A. Famili, C. Tomlinson and A. Otto
A2 Labs, LLC, Virginia, United States
Keywords: Passive Radar; Spaceborne Illumination; Stealth Detection; Early Threat Warning; Space Domain Awareness; AI/ML Signal Processing; Real-Time 3D Tracking
We develop TRIPWIRE (Tracking and Reconnaissance via Spaceborne Illumination for Passive Wide-area Intrusion-Responsive Enforcement), a novel passive radar architecture that leverages spaceborne illuminators and forward-scatter techniques to deliver cost-effective, stealthy, and scalable detection across the entire air and near-space domain. Unlike traditional active radar, TRIPWIRE requires no transmissions, making the system undetectable to adversaries while consuming minimal power.
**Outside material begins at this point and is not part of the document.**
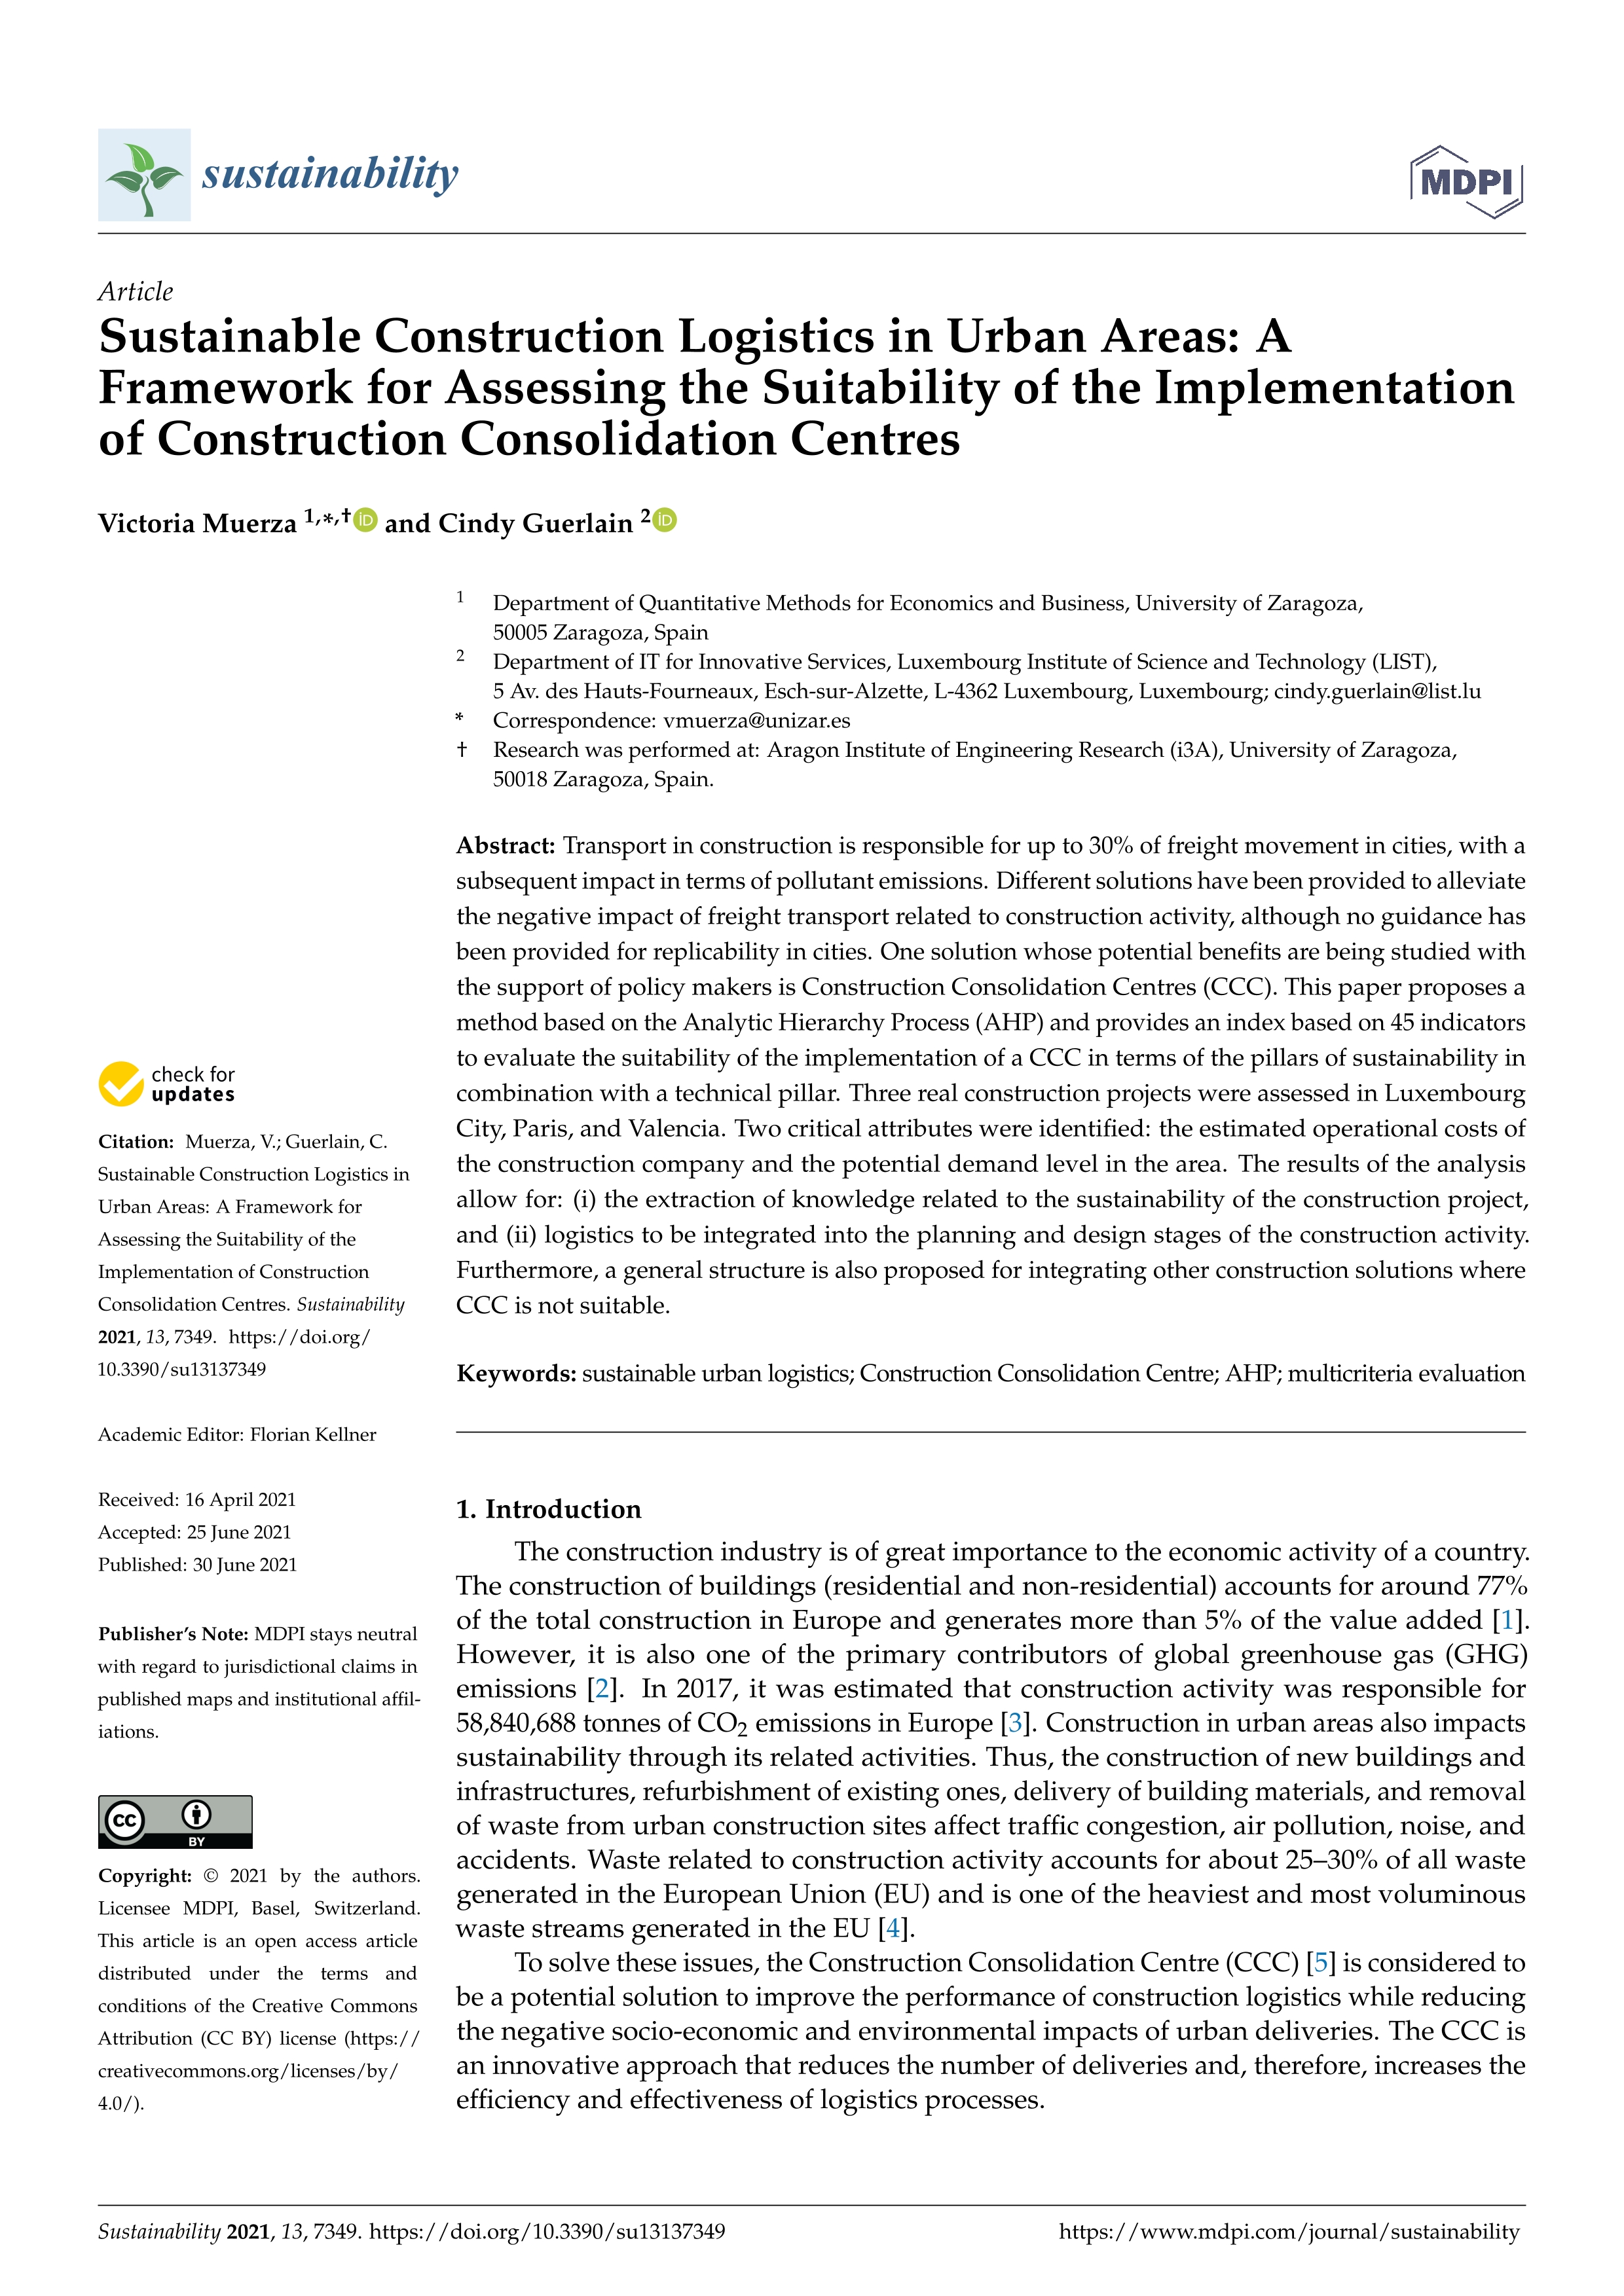 Sustainable construction logistics in urban areas: A framework for assessing the suitability of the implementation of construction consolidation centres

By exploiting commercial satellite constellations (e.g., Starlink) as illuminators of opportunity, our approach enables detection of any object between low Earth orbit (LEO) at ~550 km altitude and the ground, covering drones, fighter aircraft, ballistic and hypersonic missiles, and other stealth or anti-radar platforms that evade backscatter-based radars. Our proof-of-concept system integrates a programmable Kymeta phased-array antenna with a USRP X310 software-defined radio to lock onto satellite beacons and measure signal perturbations caused by airborne objects. We have experimentally demonstrated real-time detection of small commercial drones through amplitude dips and Doppler shifts, while theoretical analysis confirms even greater sensitivity for high-altitude and high-velocity threats. Ongoing developments include AI/ML-powered decision algorithms, fuzzy detection to minimize false alarms, and multi-receiver trilateration for 3D localization. Future extensions deploy receivers in LEO, using MEO satellites as illuminators, enabling coverage above LEO for space domain awareness.